**Provided material**
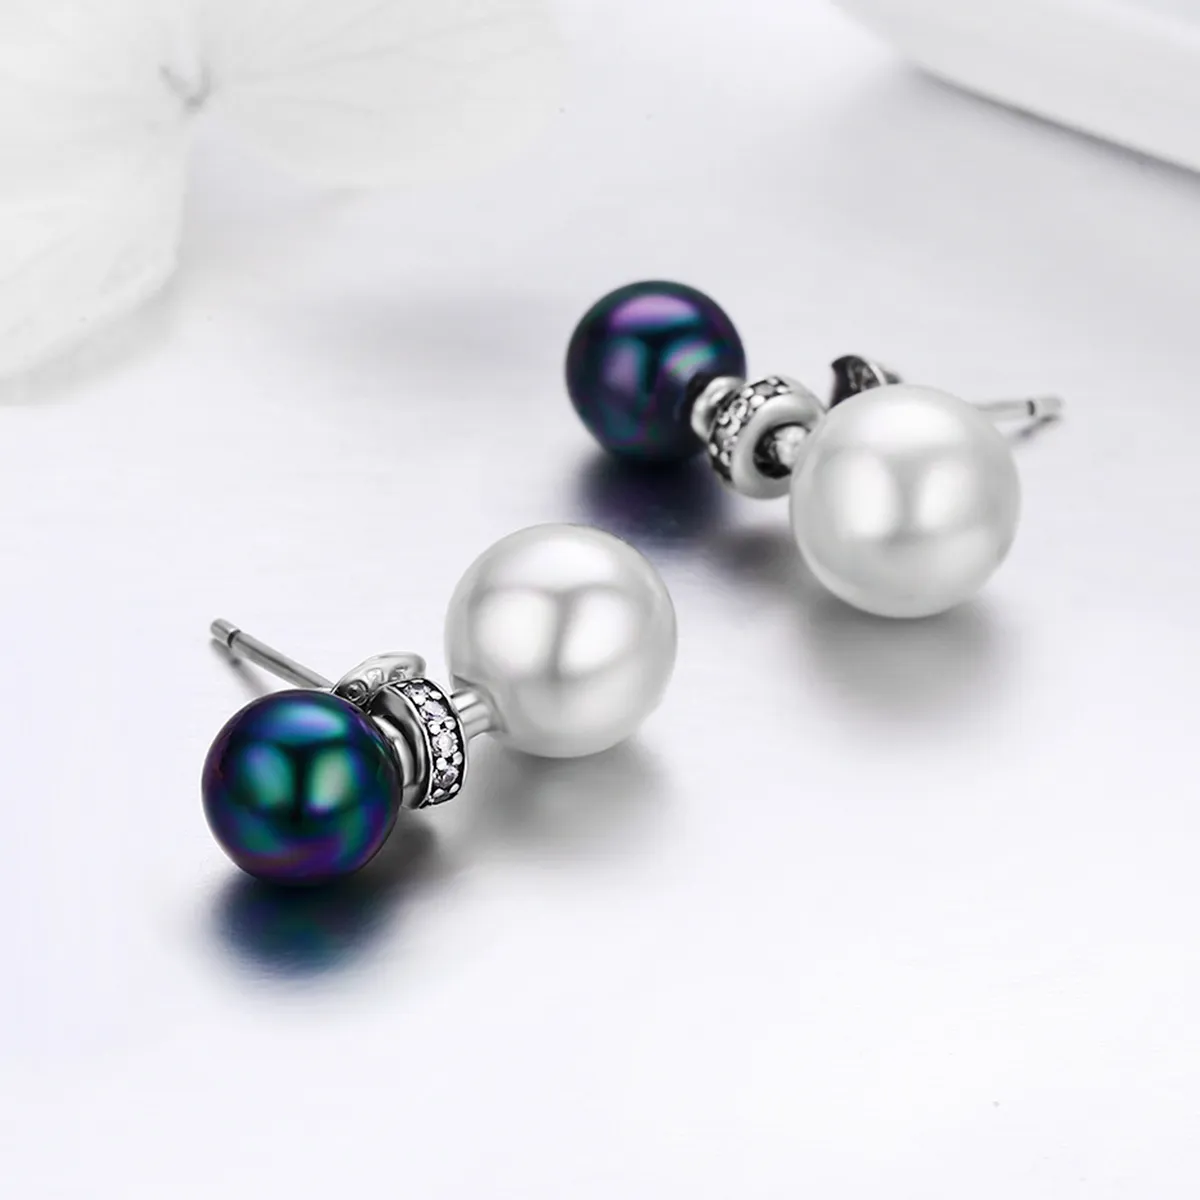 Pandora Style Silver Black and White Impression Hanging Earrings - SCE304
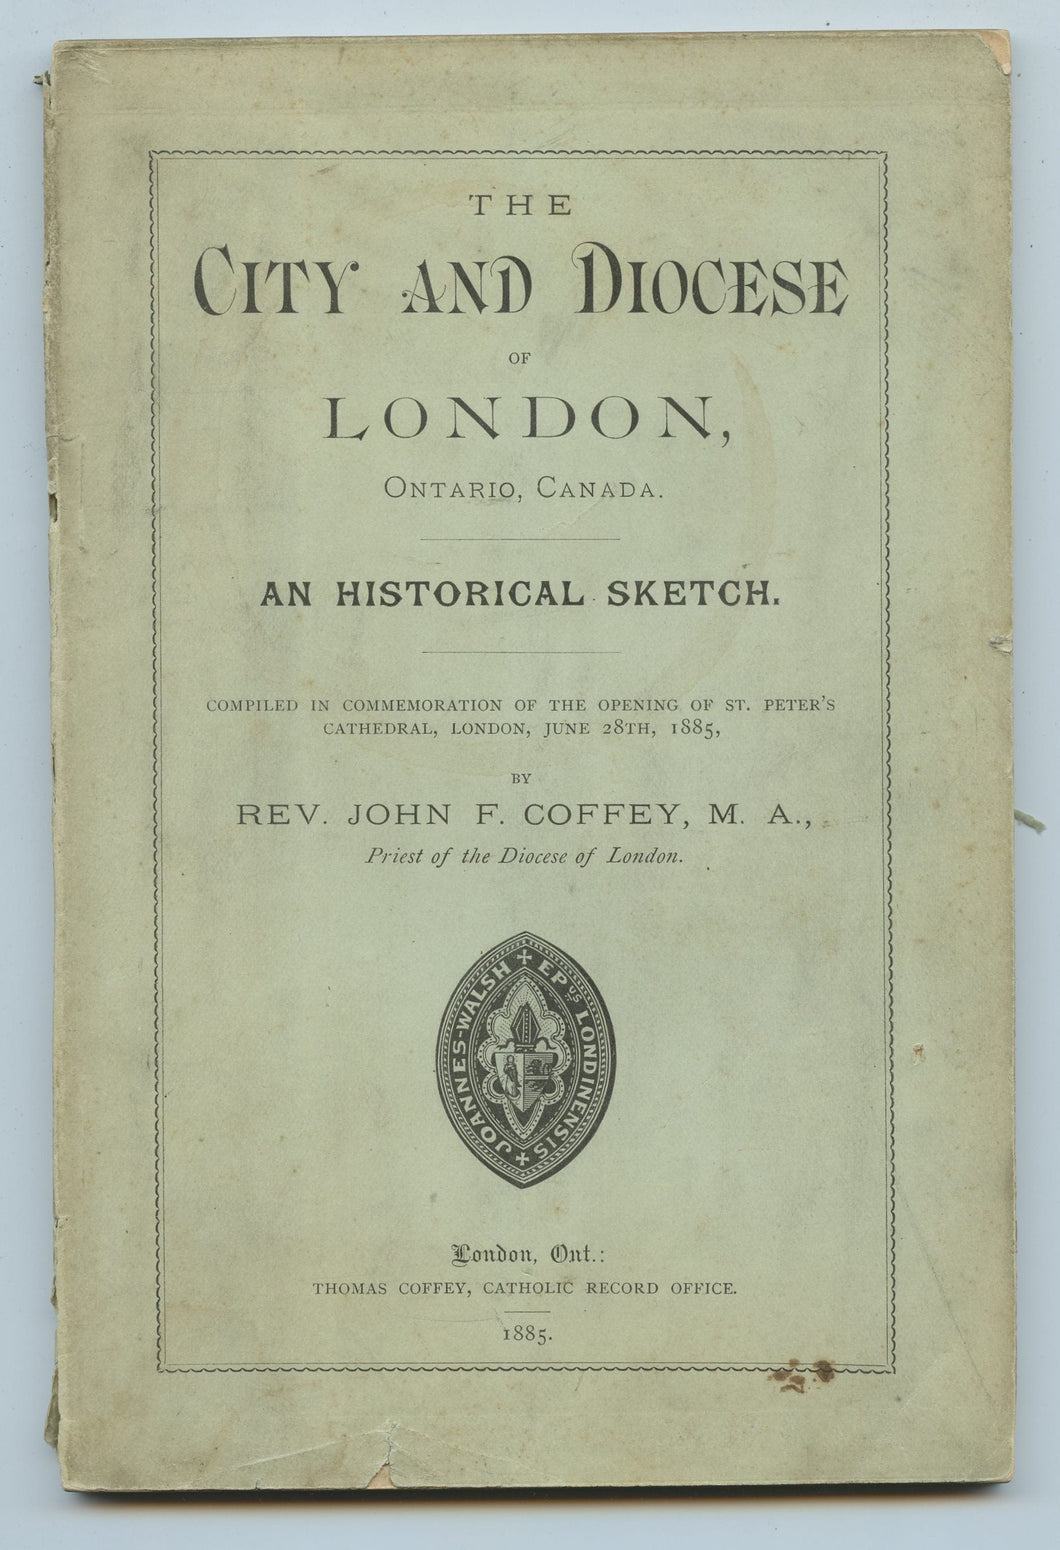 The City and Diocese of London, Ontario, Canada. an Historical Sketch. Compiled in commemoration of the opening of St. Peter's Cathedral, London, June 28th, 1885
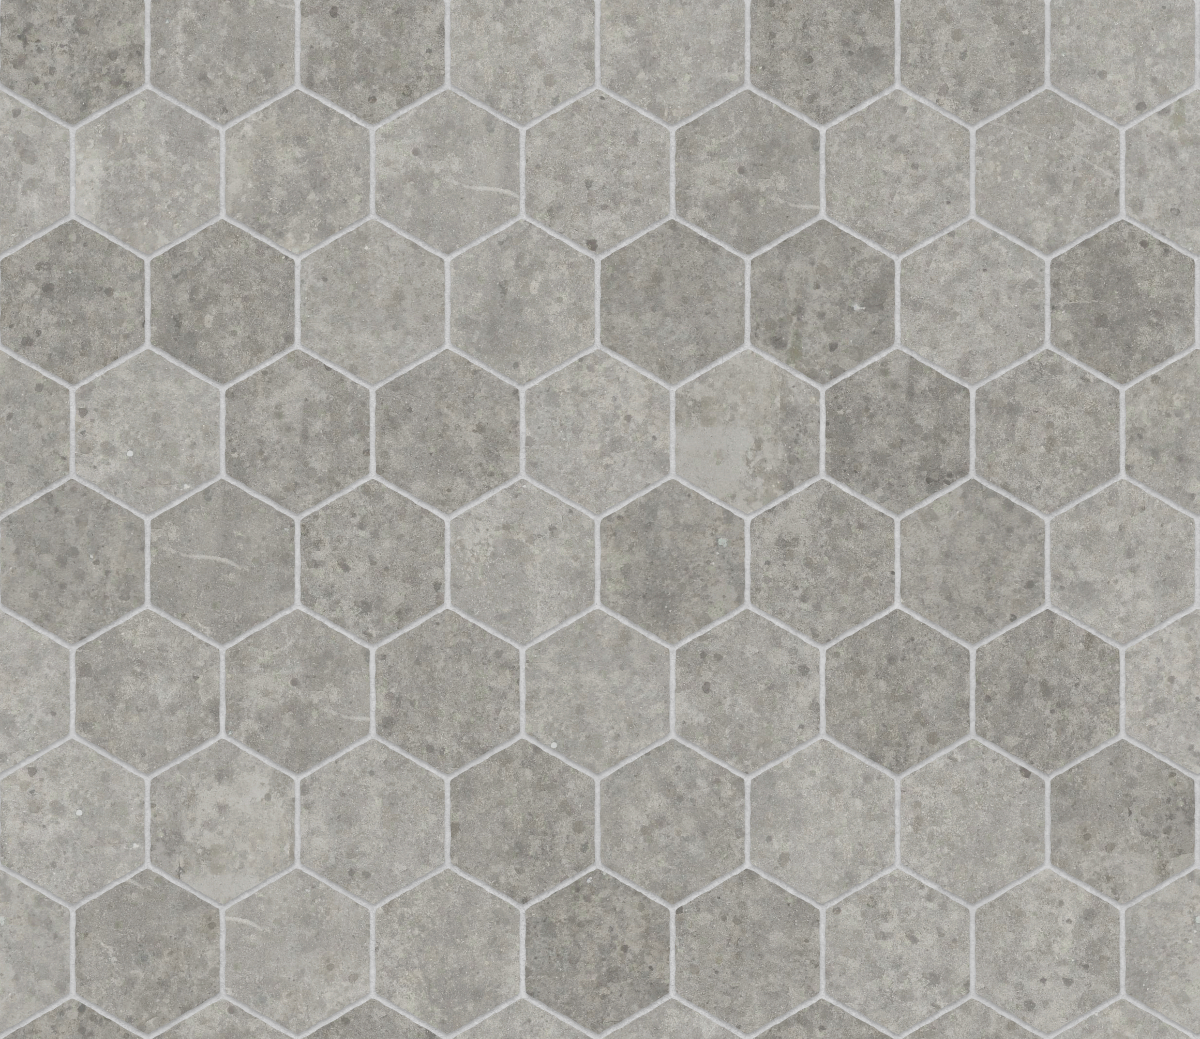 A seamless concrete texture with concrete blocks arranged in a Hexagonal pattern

**Problem description**
The whole listing, pictures excluded, should be output exactly.

**Output for this task**
 Pandora Style Silver Black and White Impression Hanging Earrings - SCE304
 The City and Diocese of London, Ontario, Canada. an Historical Sketch. Compiled in commemoration of the opening of St. Peter's Cathedral, London, June 28th, 1885
 A seamless concrete texture with concrete blocks arranged in a Hexagonal pattern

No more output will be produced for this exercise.